WHAT TO DO
Could you restate the data below word for word, without its pictures?

───── THE DATA

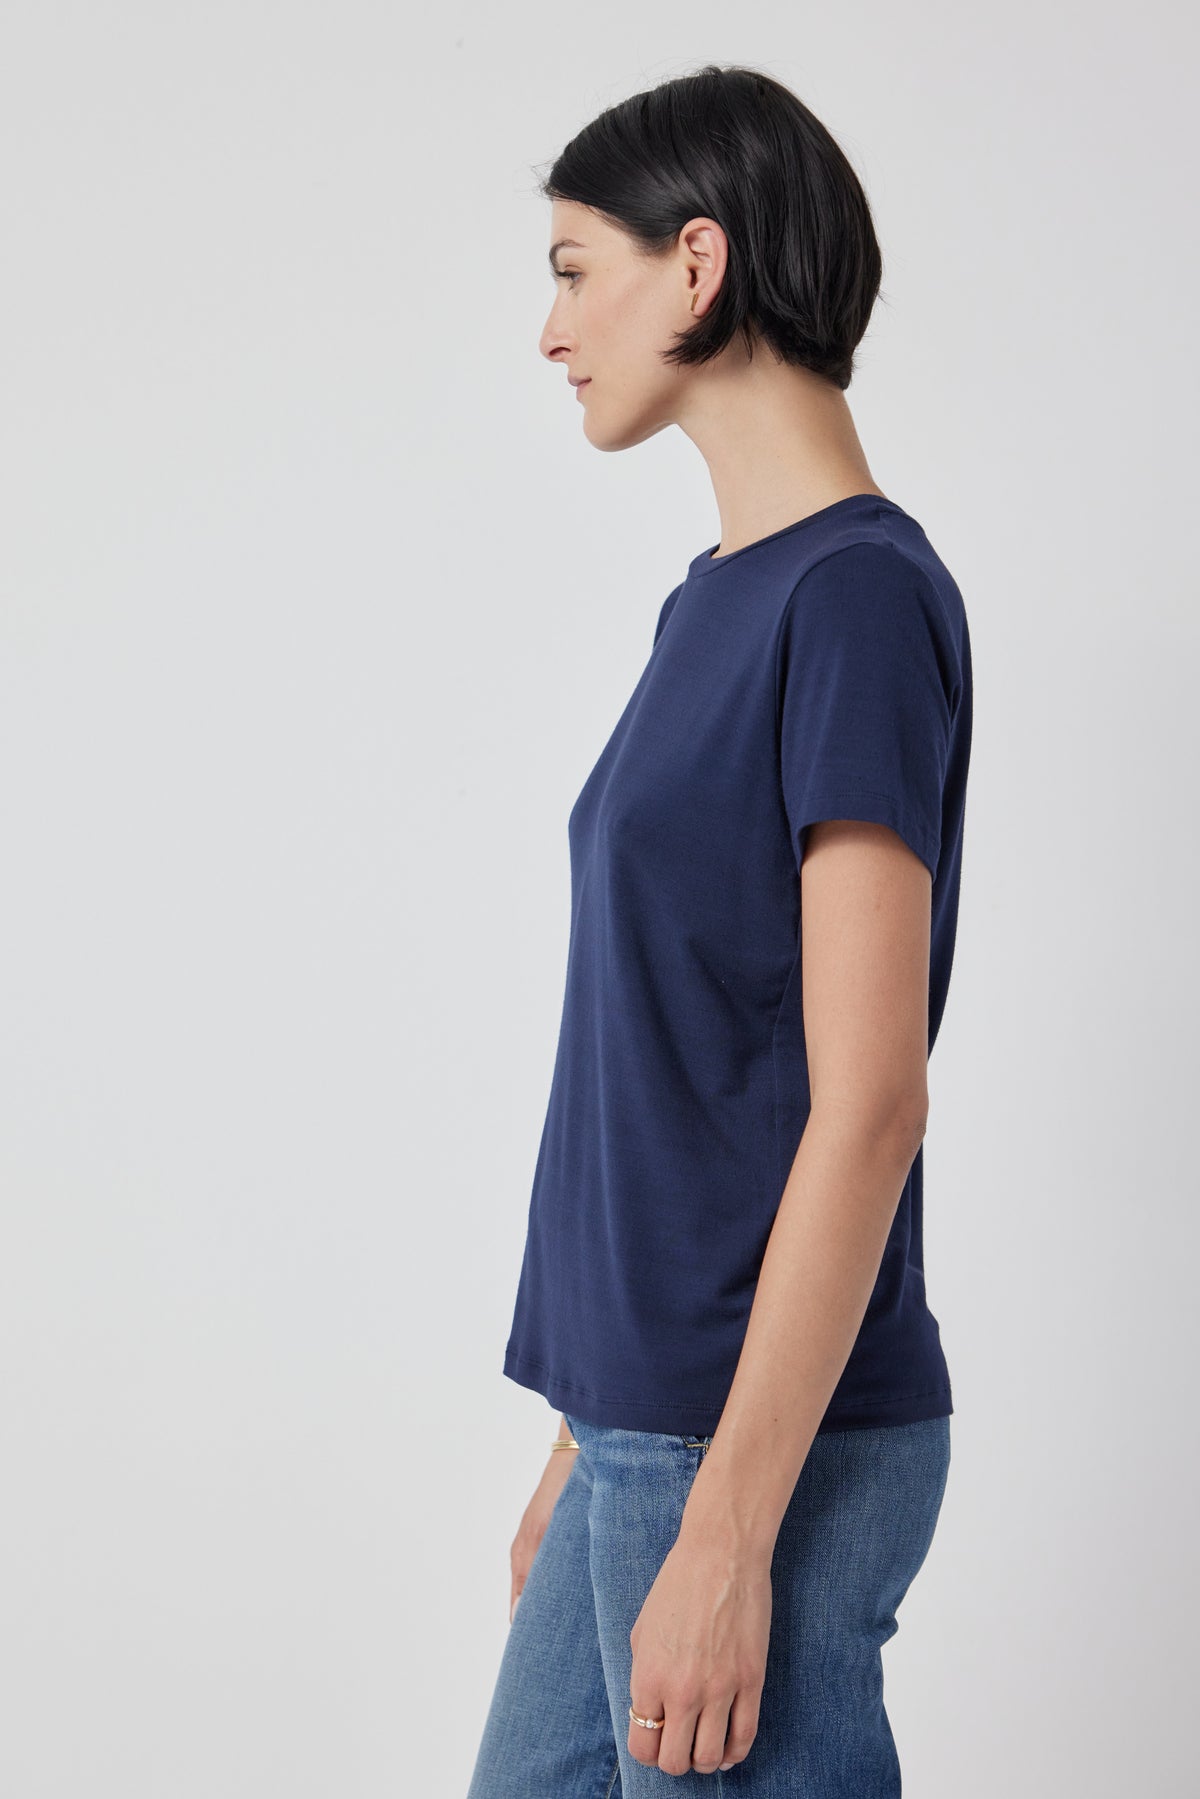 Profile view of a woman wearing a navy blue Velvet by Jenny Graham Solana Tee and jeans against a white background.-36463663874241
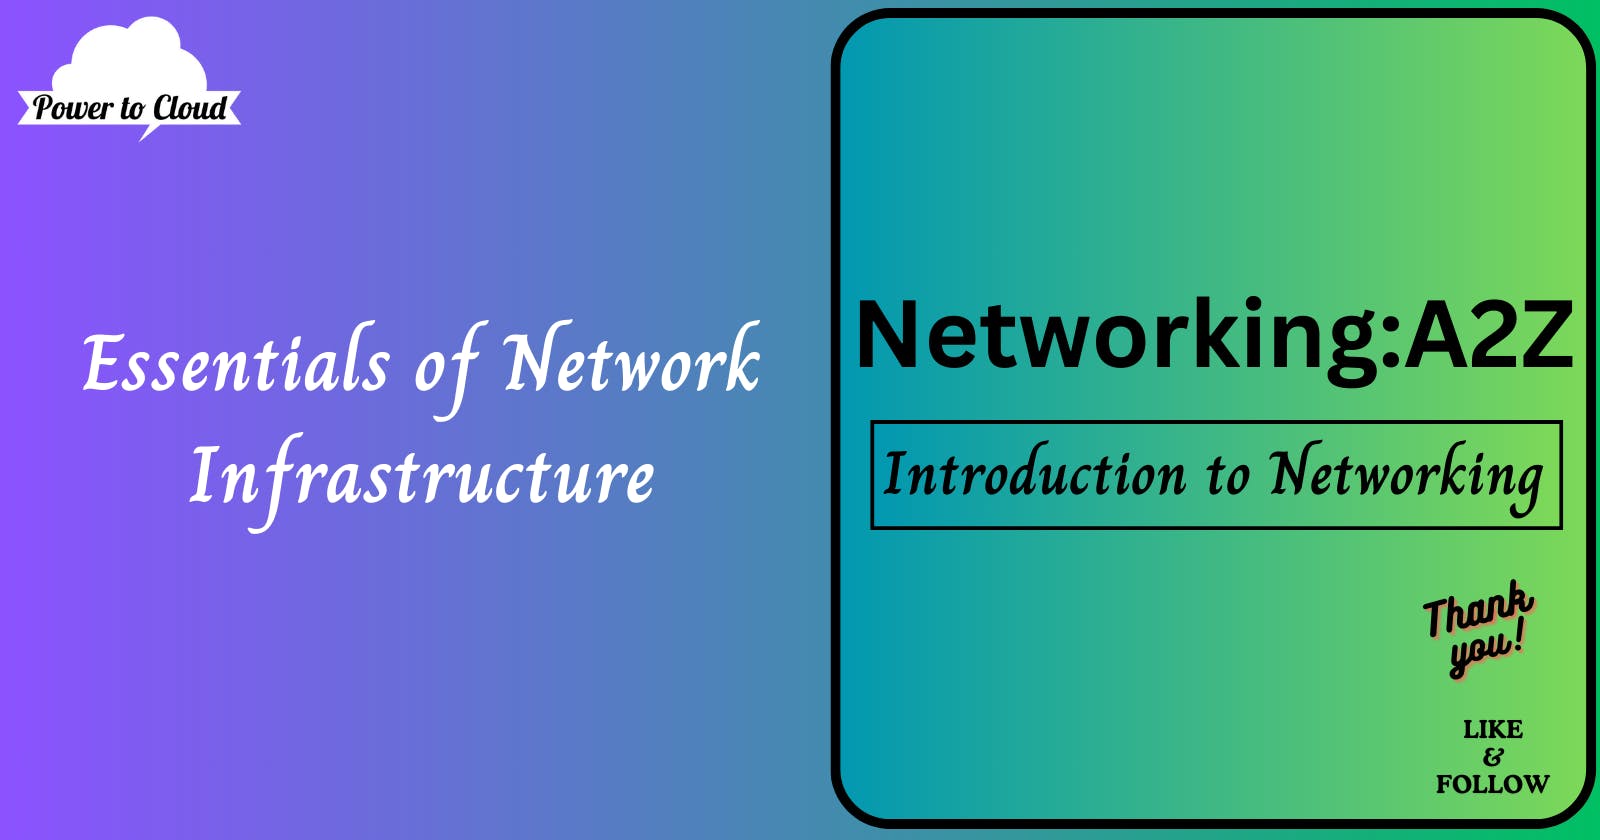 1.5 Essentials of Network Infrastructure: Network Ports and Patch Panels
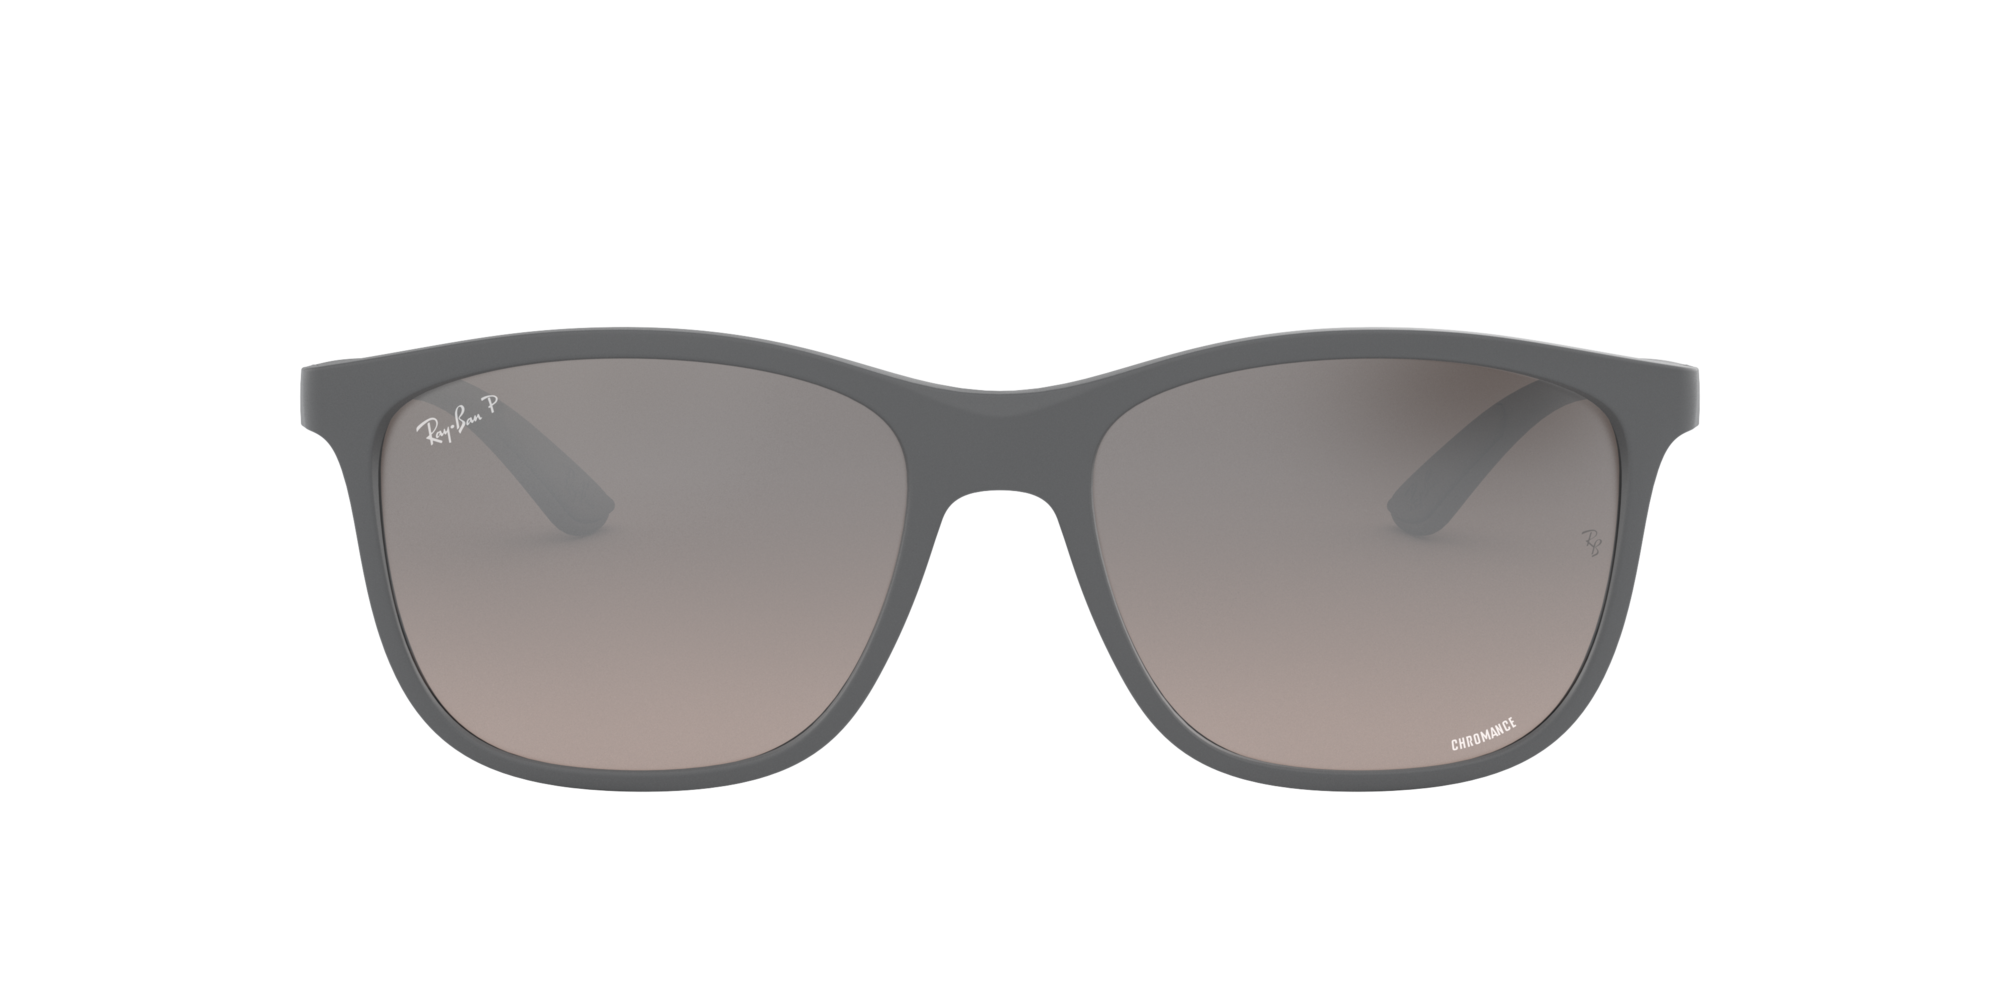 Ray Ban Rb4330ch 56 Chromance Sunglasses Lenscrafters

──────────

RESPONSE TO THE TASK
 Profile view of a woman wearing a navy blue Velvet by Jenny Graham Solana Tee and jeans against a white background.-36463663874241
 1.5 Essentials of Network Infrastructure: Network Ports and Patch Panels
 Ray Ban Rb4330ch 56 Chromance Sunglasses Lenscrafters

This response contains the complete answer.